## Exercise
Each line, starting at the one with "01a759029120 John Smedley" and running to the end of the data below, is to be set down again exactly, both ends included; leave pictures out.

Top of Stored data

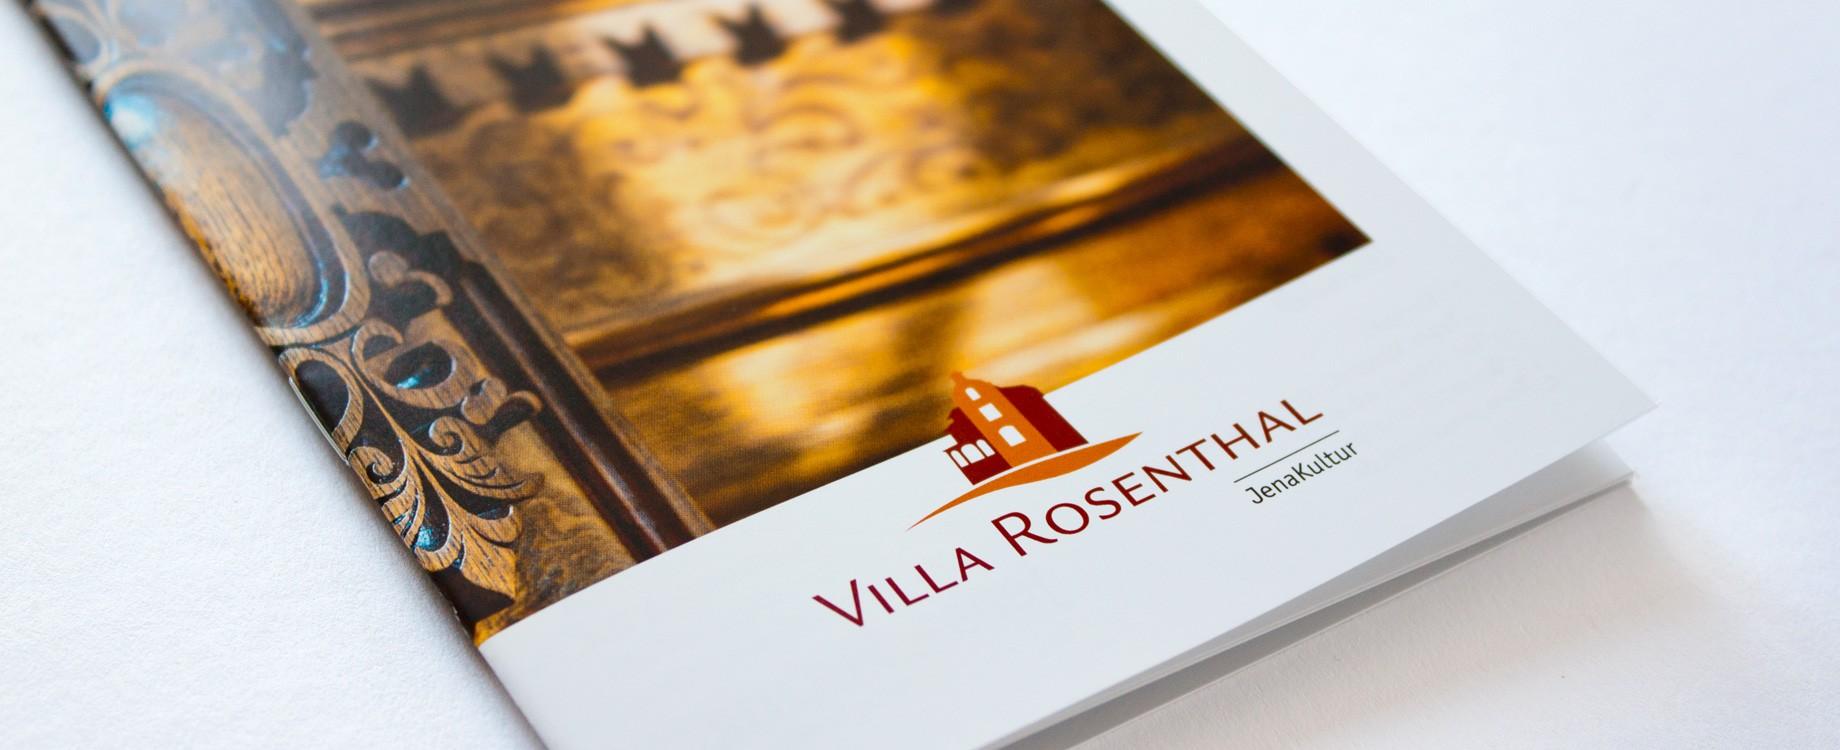 Villa Rosenthal Jena · Titel
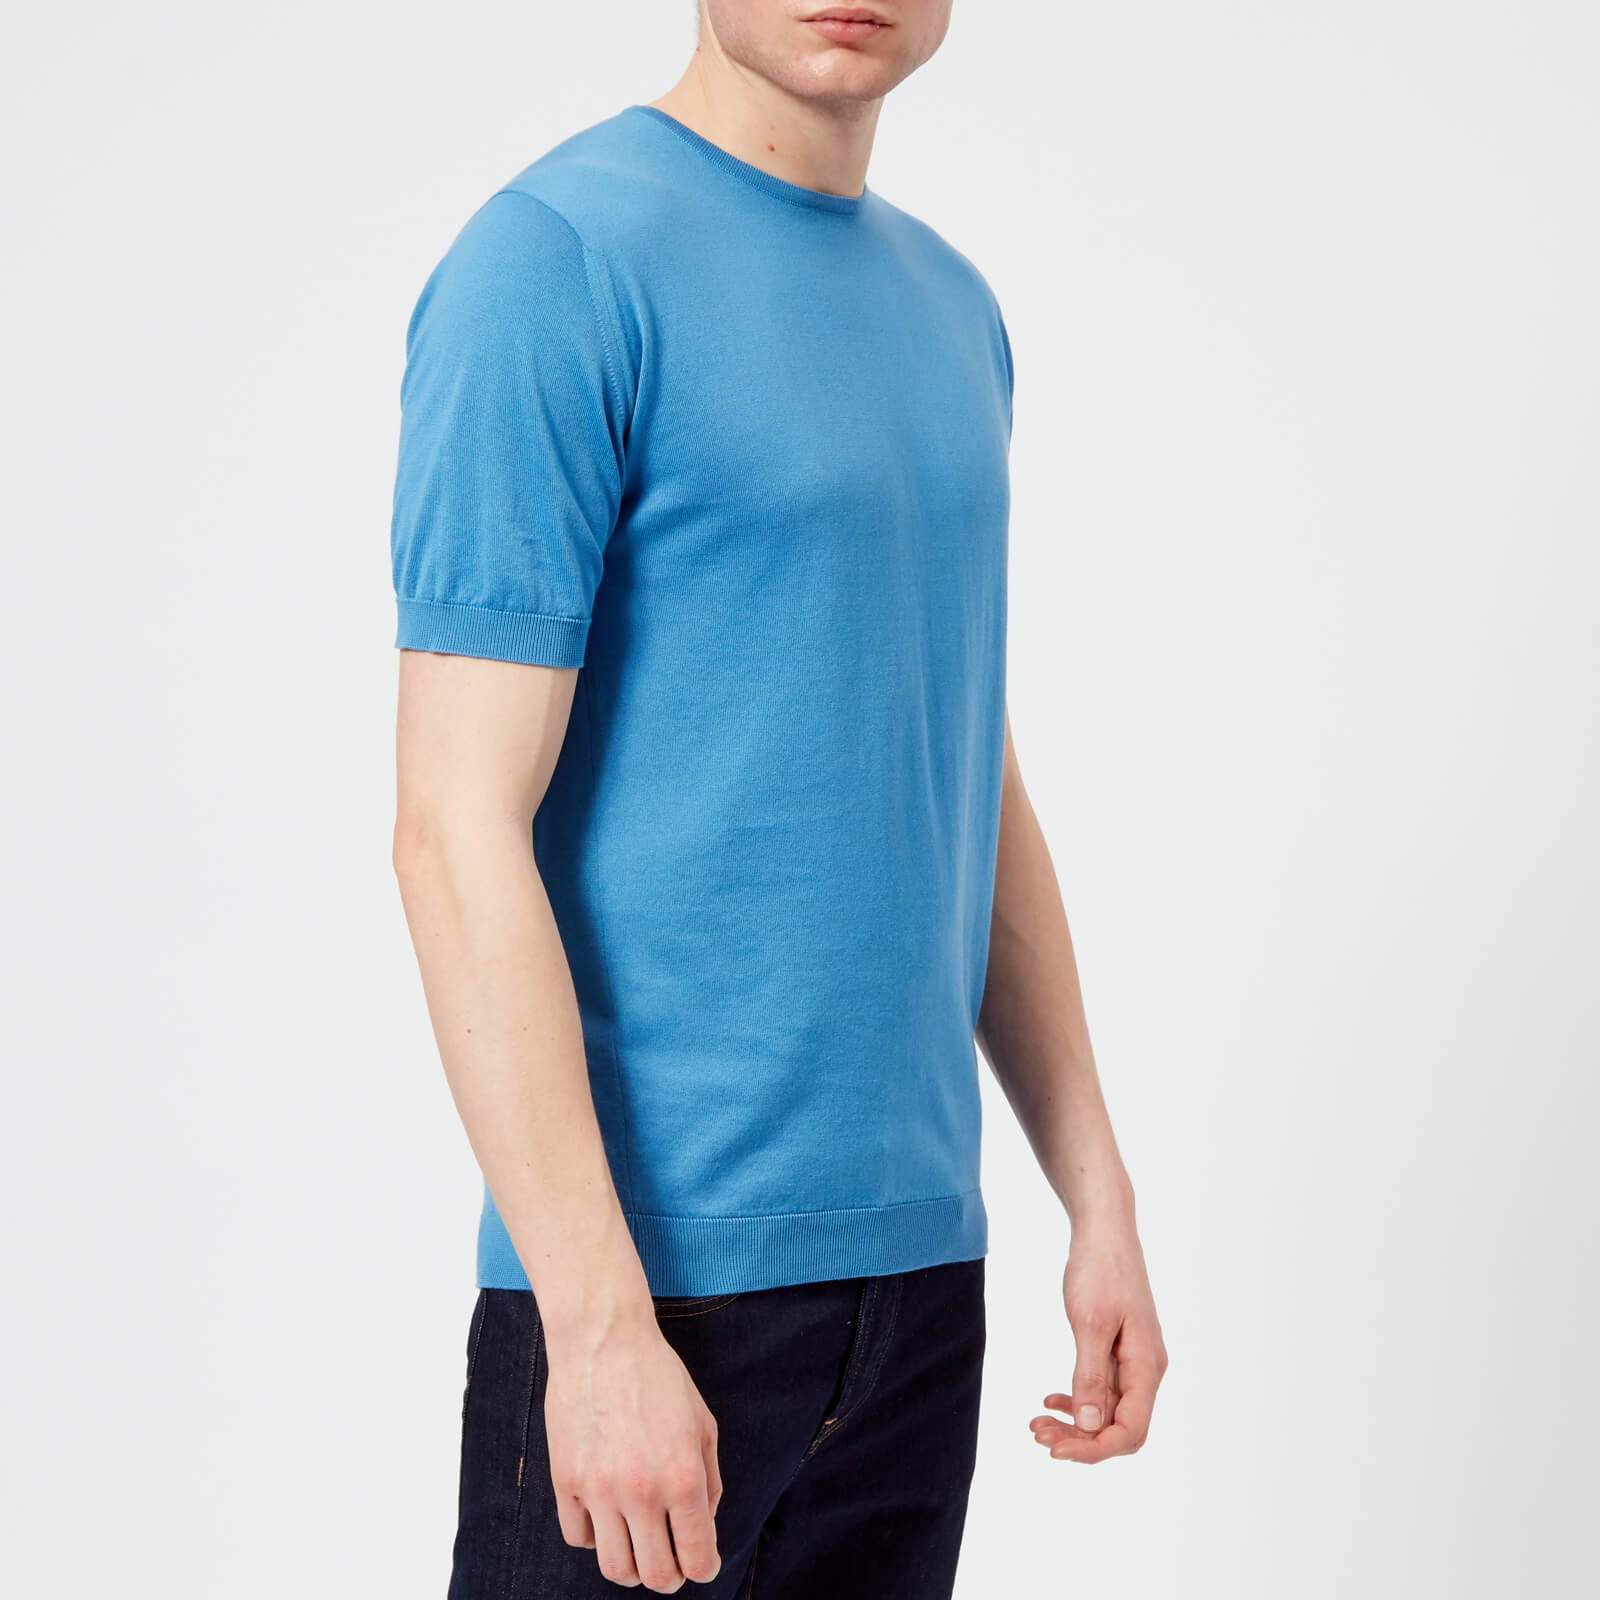 01a759029120 John Smedley Men's Belden 30 Gauge Sea Island Cotton T-Shirt - Chambray Blue  Clothing | TheHut.com
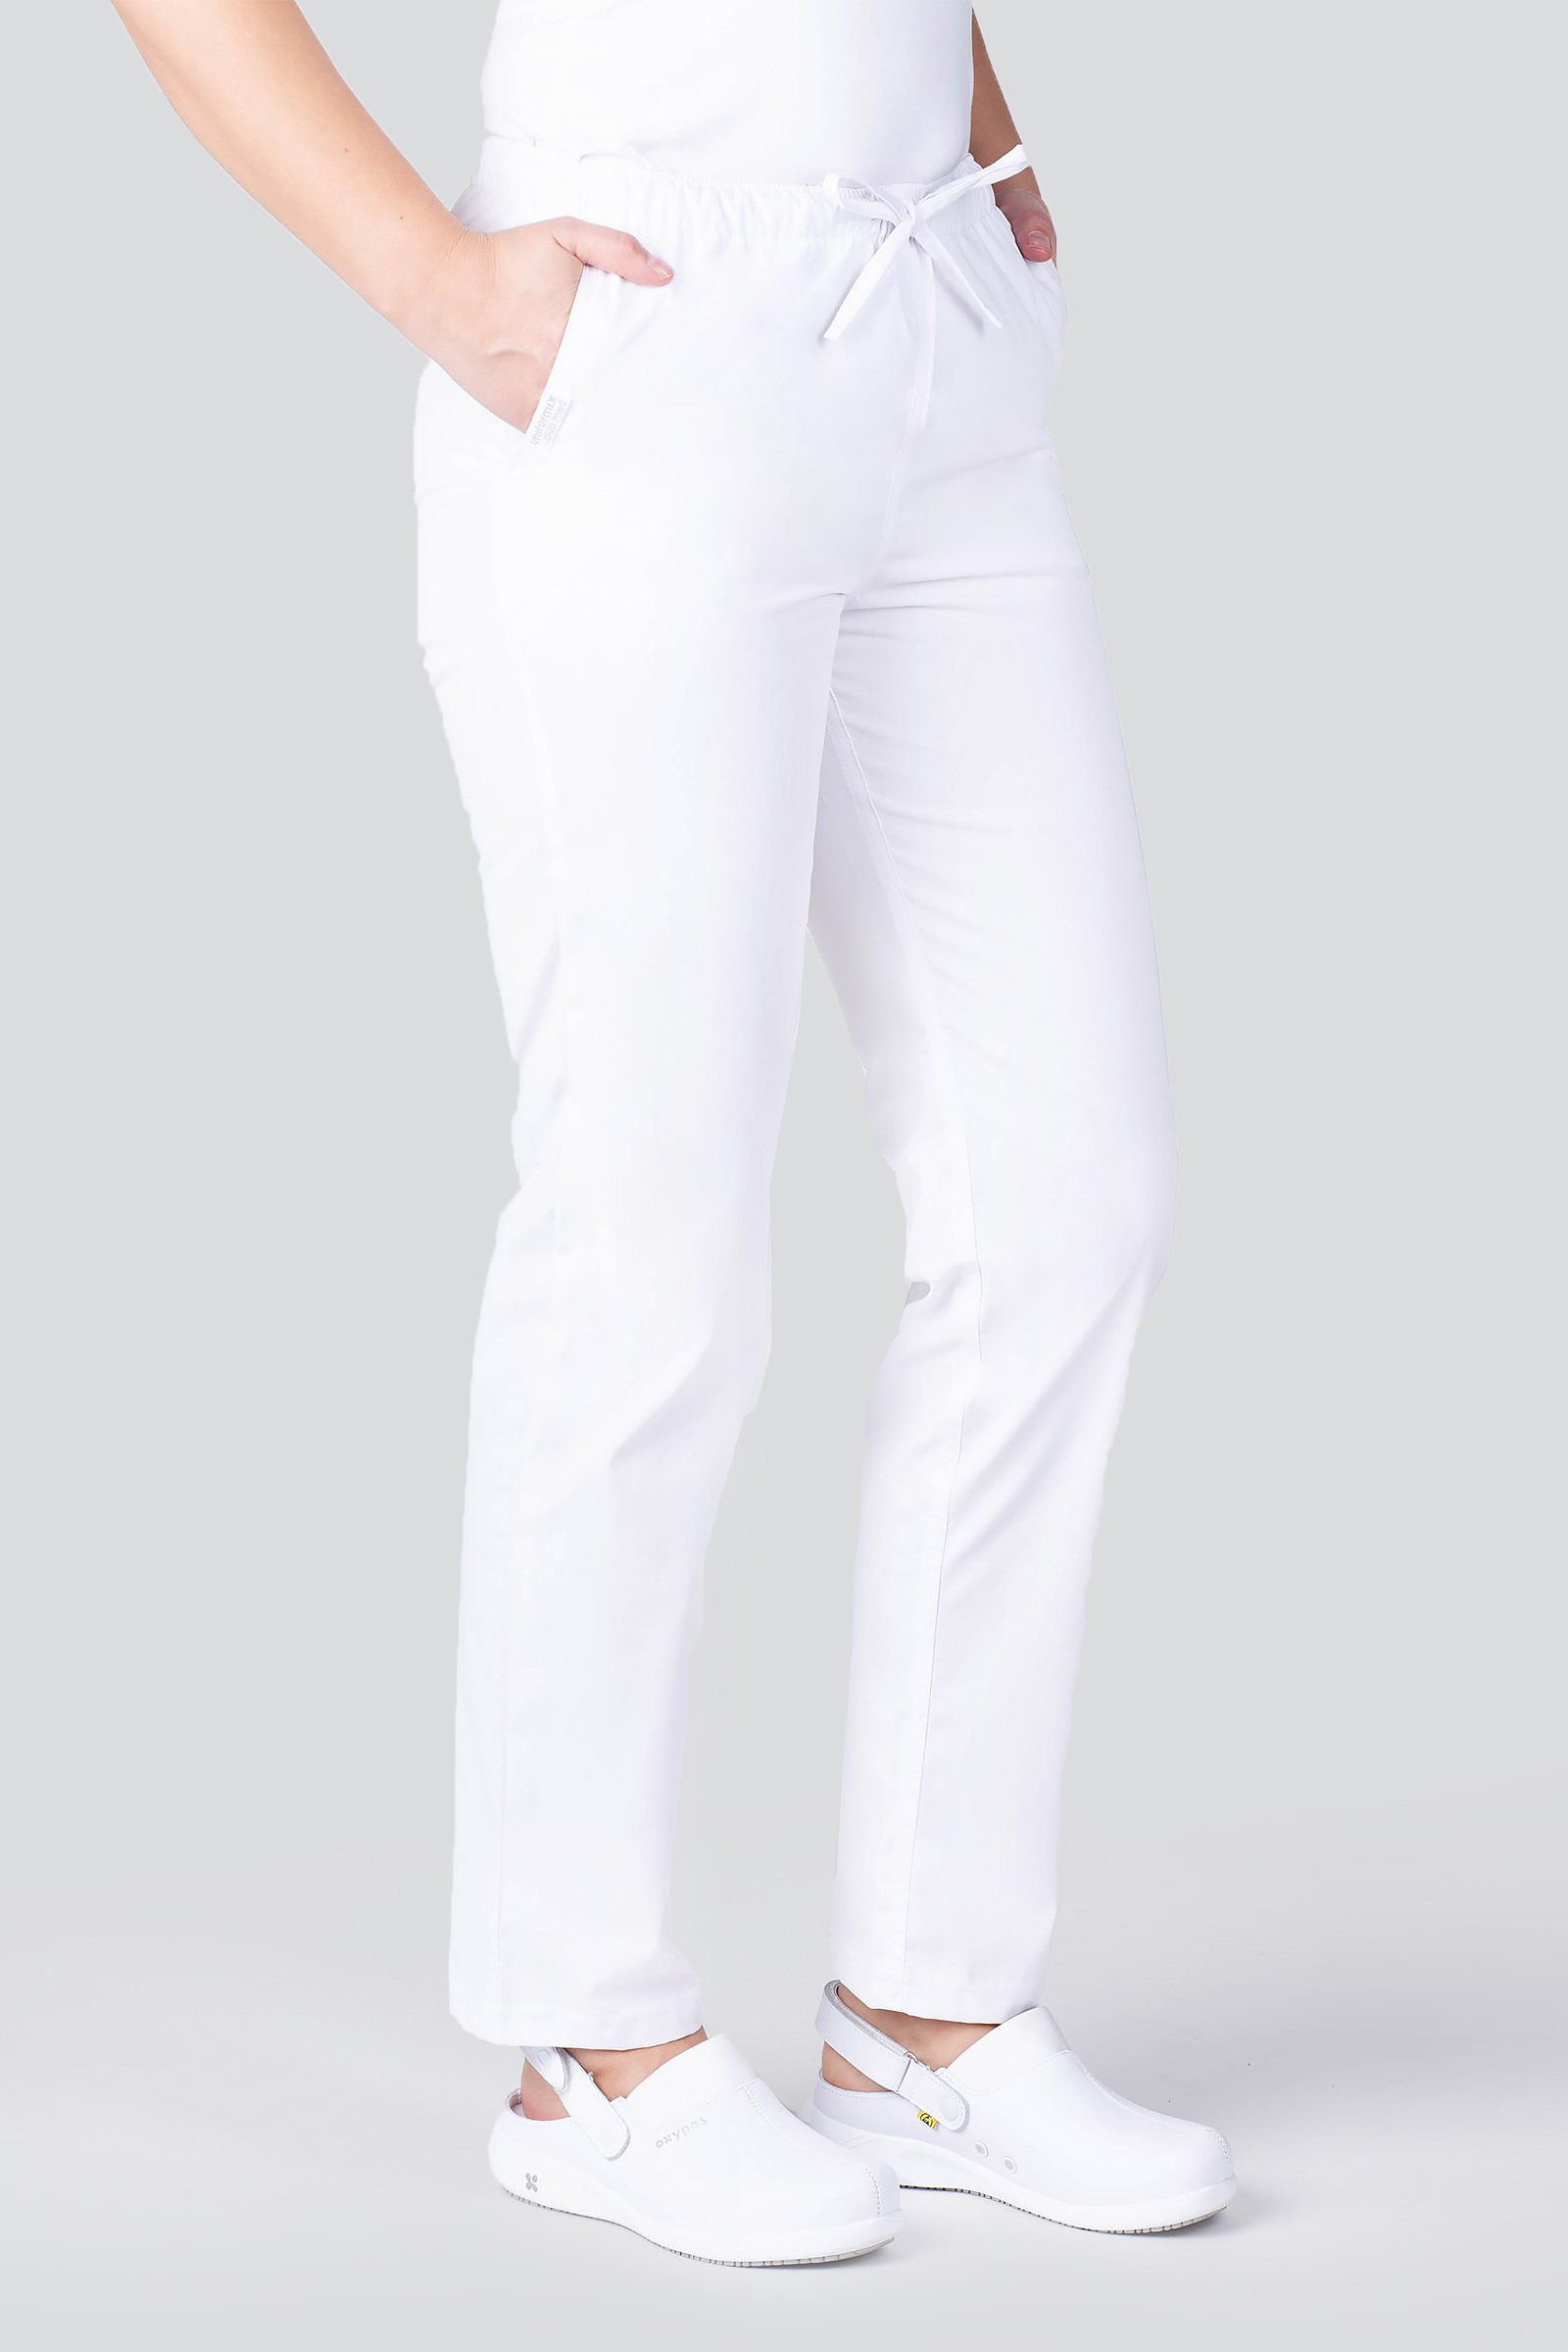 Medizinische Unisex Hose Uniformix Club Weiss Cm119 Weiss Medizinische Bekleidung Damen Bekleidung Medizinische Hosen Und Rocke Medizinische Bekleidung Herren Bekleidung Hosen Medizinkleidung Online Shop Uniformix

Bottom of Stored data

## Solution to this exercise
 01a759029120 John Smedley Men's Belden 30 Gauge Sea Island Cotton T-Shirt - Chambray Blue  Clothing | TheHut.com
 Medizinische Unisex Hose Uniformix Club Weiss Cm119 Weiss Medizinische Bekleidung Damen Bekleidung Medizinische Hosen Und Rocke Medizinische Bekleidung Herren Bekleidung Hosen Medizinkleidung Online Shop Uniformix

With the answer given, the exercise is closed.